Dans ce bazar de plumard et de
partouzards (le Duc aime la culbute, s’en lasse champagne à la bouche), on
trouve itou un Noir hilare, portier pas vraiment de nuit, et une Rebecca
liminaire à l’épaule dénudée, possible catin de « rue juive »
suçotant explicitement, un chouïa incestueuse, et un rabbin chafouin (duelle
acception) de constater les infidélités (à l’exégèse du Talmud, au code
vestimentaire) guidées par l’hubris de son complice in fine adoubé. On ne
cesse de répéter à Süss qu’il ôte son masque et l’ultime scène, tribunal +
gibet, le démasque pour l’éternité du millénaire hâtivement instauré par le
Reich, c’est-à-dire lui rend sa panoplie capillaire et pileuse, auparavant
coupée-rasée afin de mieux se glisser dans la société (et peut-être même entre
les draps de la Duchesse, allez) germanique, modèle de probité conjugale,
familiale (le Duc, incarné par l’ancien communiste Heinrich George, crève d’une
crise cardiaque, juste punition pour sa propension à la copulation avec des
gamines à peine nubiles, ouvertement inquiètes).
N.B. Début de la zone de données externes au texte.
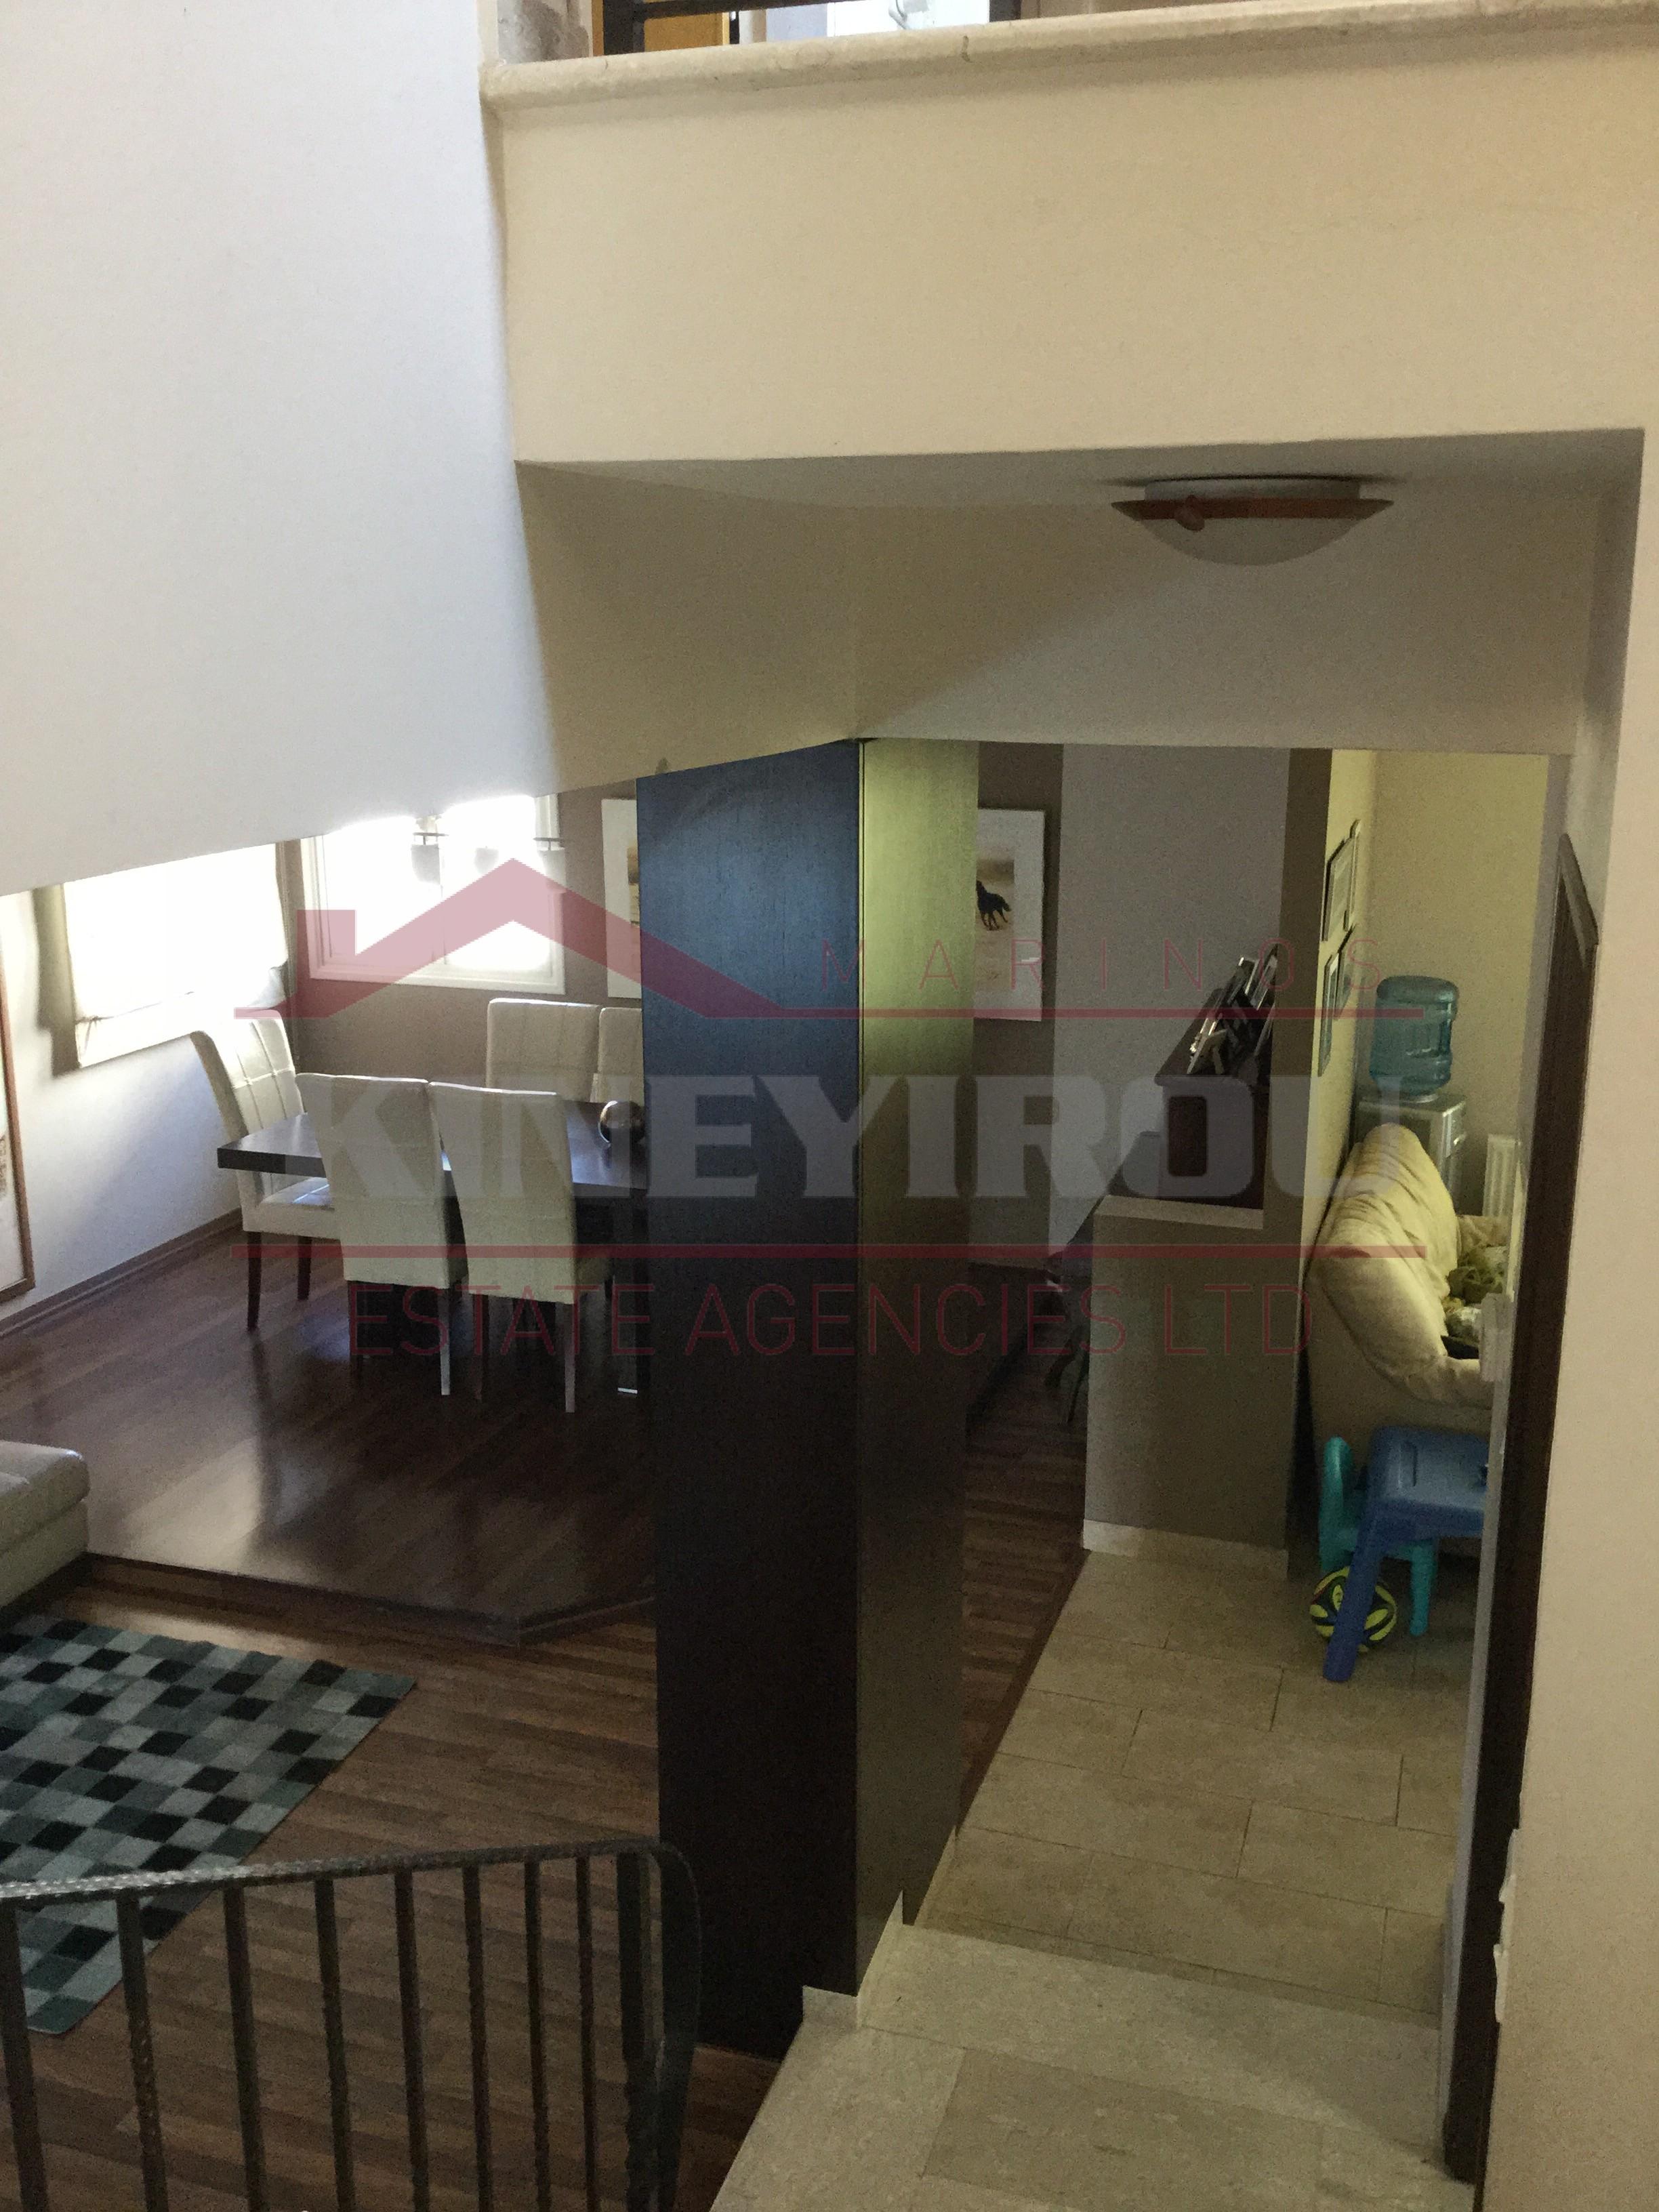 3 bedroom house  near G.C.Z – Stadium , Larnaca

Le nazisme en tant qu’hystérie
nationale puritaine et par conséquent sexuellement obsédée : la thèse de
Wilhelm Reich, soutenue dès les années 30 dans La Psychologie de masse du
fascisme, se vérifie ici. Le Juif Süss utilise aussi la
métaphore entomologique et renverse la perspective des victimes, puisque les
Juifs, enfin admis administrativement à Stuttgart, s’apparentent à des insectes
(variantes : vermine, chien) aux allures de files d’exode (celui de juin
40 dans l’Hexagone, par exemple, ou clin d’œil implicite au déplacement
biblique mené par Moïse). Goebbels (ne négligeons pas le rôle ni la
responsabilité du scénariste Ludwig Metzger flanqué du dramaturge Eberhard
Wolfgang Möller) ne connaît pas la nuance et pas davantage le servile (ou
contraint, se défendit-il) Veit ; il faut « chasser le Juif »,
il convient de lui faire subir le même sort (suppliant, devant une foule
courroucée, déjà très contrôlée) que le forgeron, littéralement placé sur sa
route vers le pouvoir de la ploutocratie.
Contrairement à une Leni Riefenstahl
(conseillère de fuite en Suisse, paraît-il), notre piètre Harlan, qui fascina
tant Kubrick, accessoirement époux de sa nièce (souvenez-vous de la
chanteuse-pleureuse des Sentiers de la gloire), on se
demande encore pourquoi, ne démontre pas l’once d’un regard, d’un point de vue,
du redoutable talent de sa consœur alpestre et athlétique dans la composition
et l’agencement des plans. La géométrie rythmique du Triomphe de la volonté ou
des Dieux
du stade, leur érotisme sinistre et sportif, leur dimension
spectaculaire, opératique, leur témoignage de mythologie documentée, mise en
scène au carré, il s’en tamponne le coquillard, il torche son pamphlet en
fonctionnaire assermenté, après mes huit heures de plateau à la UFA de Babelsberg,
je rentre chez moi, oubliez-moi (et il sortira blanchi des procès
d’après-guerre). Gardons-nous de nous attarder longuement sur cette
pantalonnade opportuniste, anodine et déplorable, à la genèse/réception largement
retracée, analysée, incluant, dans le désordre, la supposée trahison du roman
signé Lion Feuchtwanger (le Duc y viole la fille de Süss, bigre), l’obligation
de projection de Himmler (et celle, procédurière, de destruction du négatif
original), les hésitations-dénégations plus ou moins sincères de Ferdinand
Marian & Werner Krauss, la version philosémite (et britannique) de 1934
avec Conrad Veit ou même la distribution en arabe au Moyen-Orient, sans omettre
la dispensable mise en abyme commise par Oskar Roehler, l’adaptateur scolaire
des Particules
élémentaires, intitulée en VF Goebbels et le Juif Süss : Histoire d'une manipulation. Interdit en Allemagne et en France, disponible en ligne, son
copyright détenu par… la fondation
Murnau (!), Le Juif Süss de Veit Harlan s’avère, en résumé, en vérité
(subjective, à l’instar de l’intégralité des articles de ce blog), un spécimen sociologique plutôt
que cinématographique, un indigeste strudel et un ratage kolossal. Au fond (de
l’affront), personne ne s’en plaindra, en tout cas pas moi.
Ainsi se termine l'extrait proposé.